Because Breen’s stomach was distended, he was rushed to the operating room. When surgeons opened his abdomen, they found pus everywhere, surrounding all his organs, Dr. Elizabeth Steensma, an acute care surgeon at Spectrum Health Butterworth Hospital in Grand Rapids, told TODAY in 2017.
Surgeons flushed Breen’s abdomen to clear out all the bacteria, but even with the germs gone, he was slipping into septic shock — he was in danger of being killed by his own body’s immune response. His blood pressure plummeted and his organs started to shut down.

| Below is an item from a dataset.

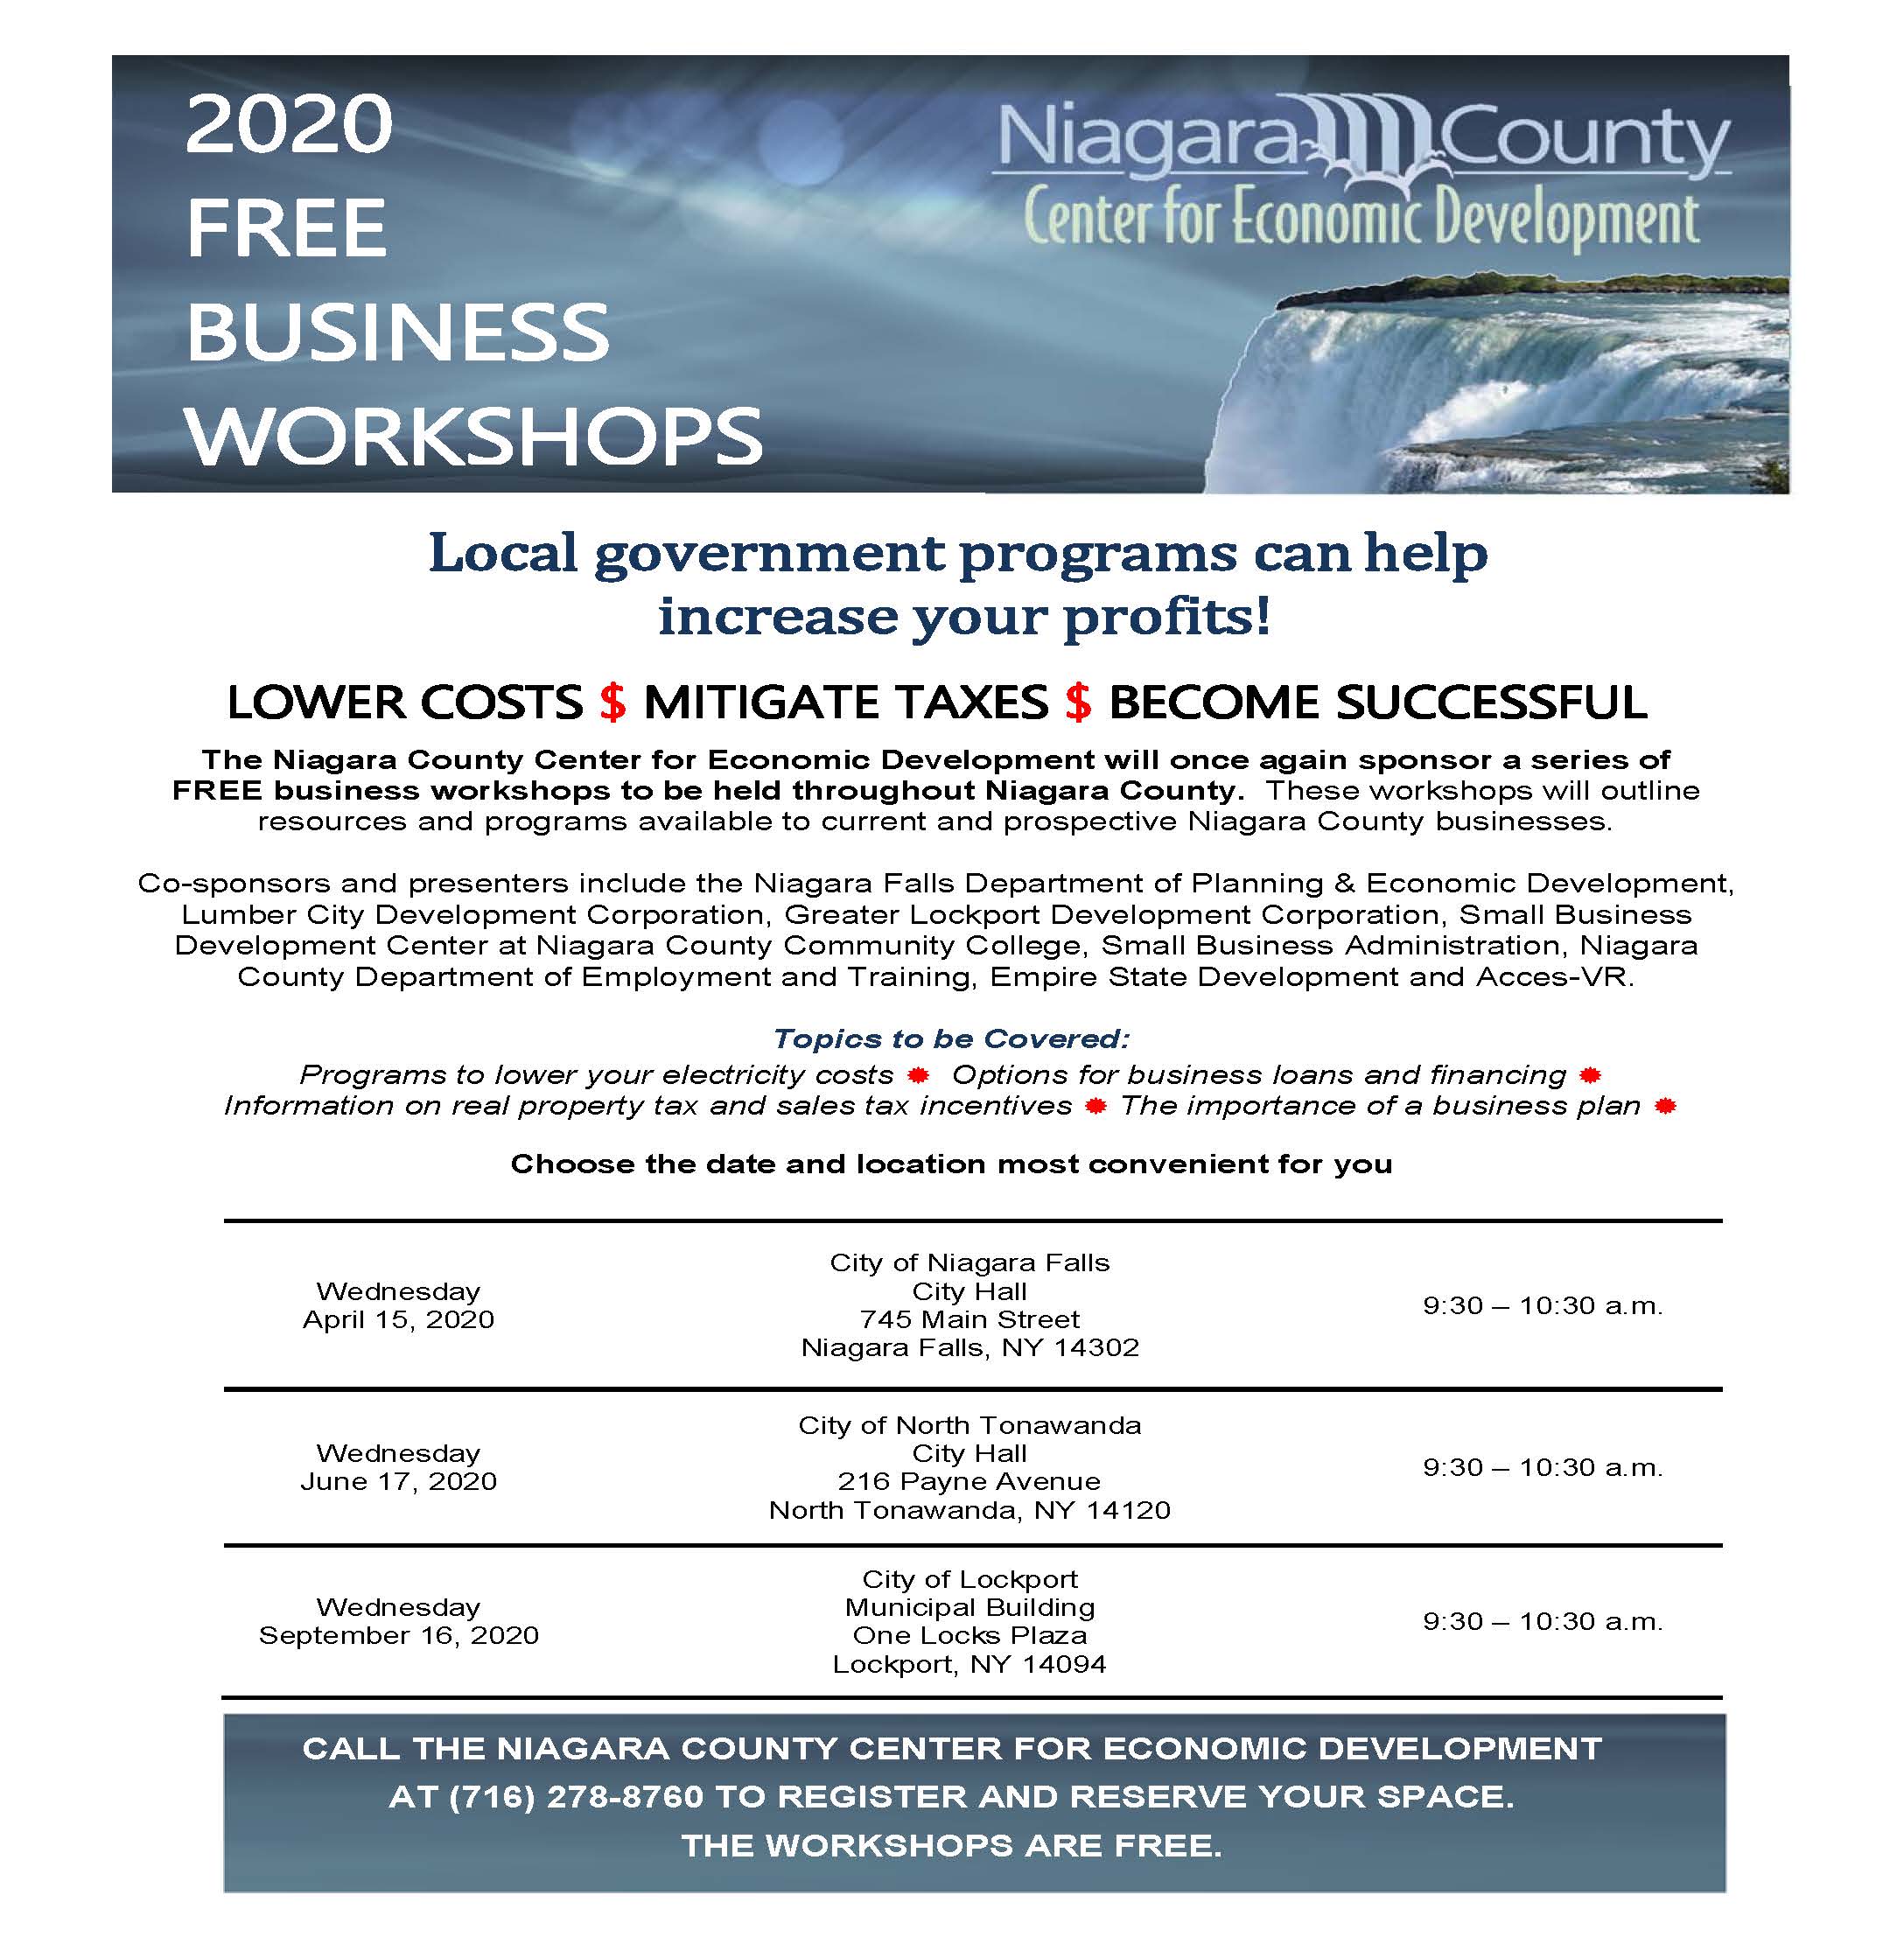 2020 Niagara County Free Business Workshops Series Announced

When tests ultimately came back positive for strep, doctors concluded the bacteria from his throat infection had somehow traveled into his abdomen.
While Steensma and her colleagues were able to save Breen’s life, they weren’t able to prevent permanent damage to his hands and feet. When a patient is in toxic shock, blood pressure plummets making it hard to get enough blood to the organs. The medications doctors use to treat the condition work by pulling blood from the extremities and shunting it to the brain and other organs necessary to keep the patient alive.

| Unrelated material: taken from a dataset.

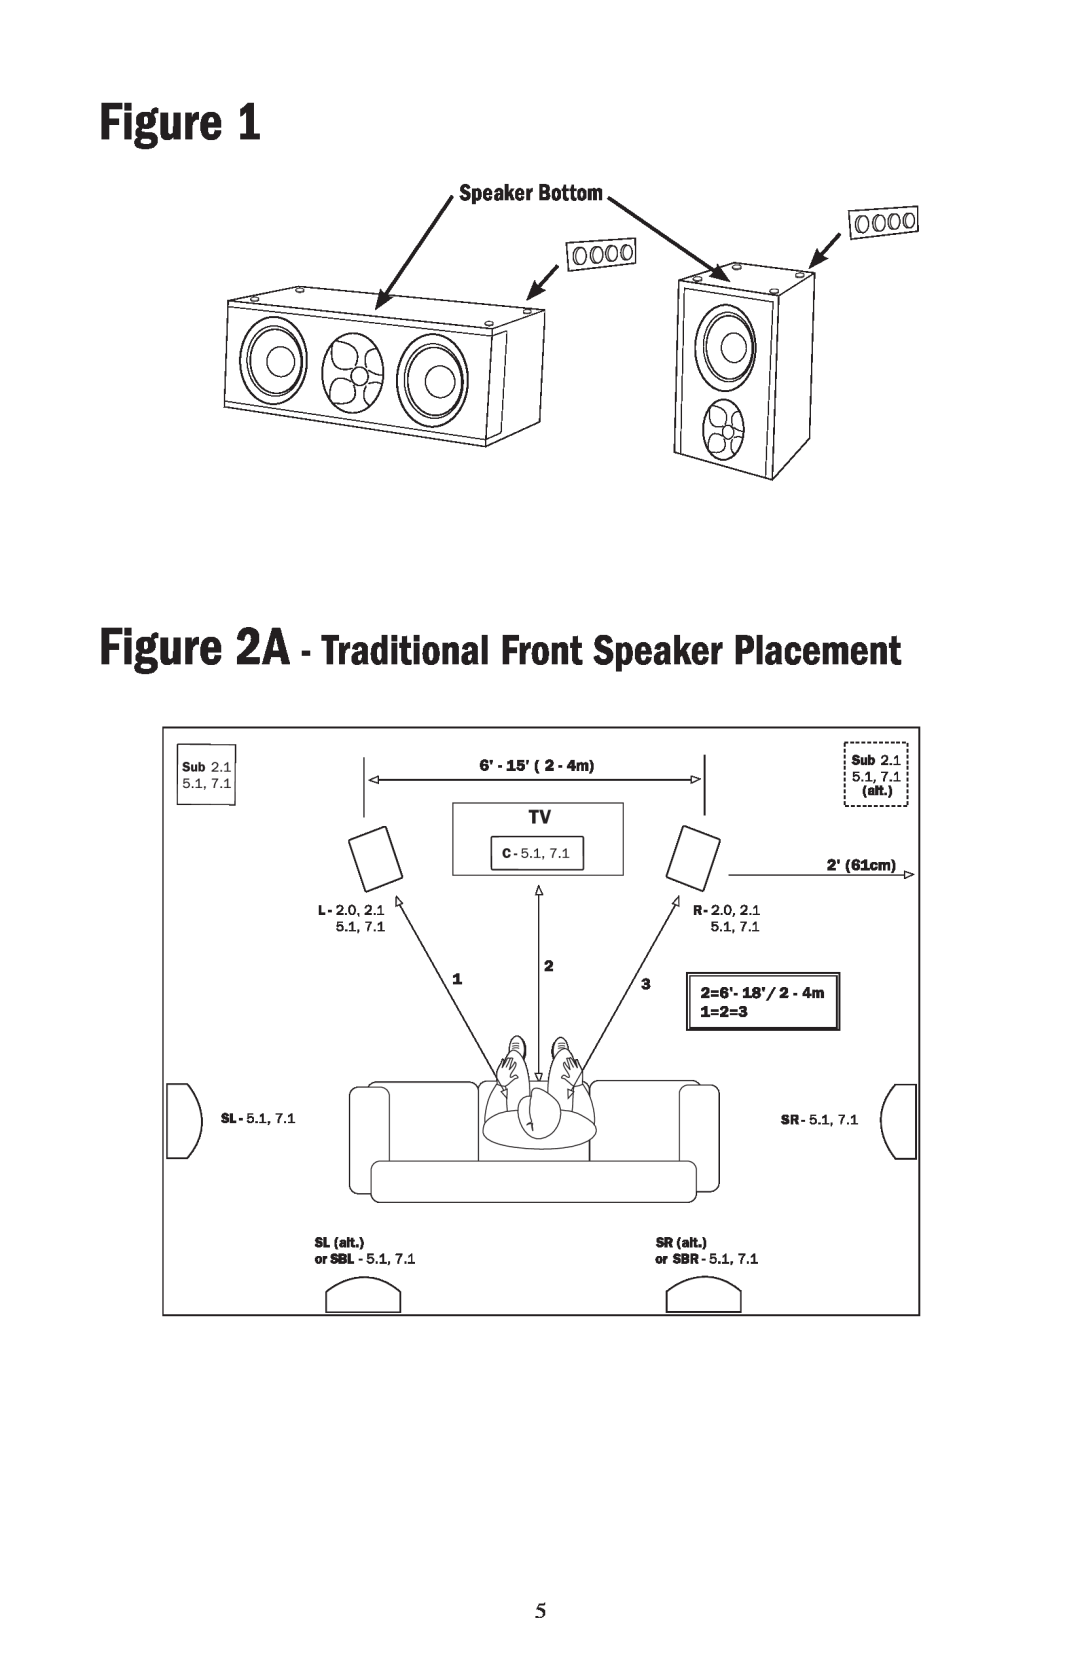 Klipsch WC-24, WF-34, WB-14, WF-35 owner manual A - Traditional Front Speaker Placement, Speaker Bottom

Breen’s hands and feet started turning black, meaning the tissue was dying, so doctors amputated his legs below the knee, his entire left hand and some of the fingers on his right hand. He spent months in grueling physical and occupational therapy.
“I remember telling him like, ‘Kevin, you, you can cry,’” his wife recalled.
“My response was, ‘How I react to this is how our kids are going to perceive how, you know, we tackle challenges in life,’” Kevin said. “I got better and I could do more things and holy cow, I can walk.”
He uses prosthetic legs and a water-resistant robotic hand called the TASKA, which has 23 different grips and allows him do tasks like wash the dishes, type on a keyboard and even make the symbol for “rock on,” as he happily showed the TODAY anchors.
Julie said Kevin now requires very little help from her and can help take care of himself and the couple’s three children, who are 17, 7 and 5 years old.
The ordeal has brought the couple closer together.
“I became his full-time nurse when he first got home, and watching his unwavering determination to be independent again was so inspiring to both me and the kids,” Julie said.
“Julie was always there for me through my ups and downs so to be able to step back up to the plate for her, means everything to me,” Kevin noted.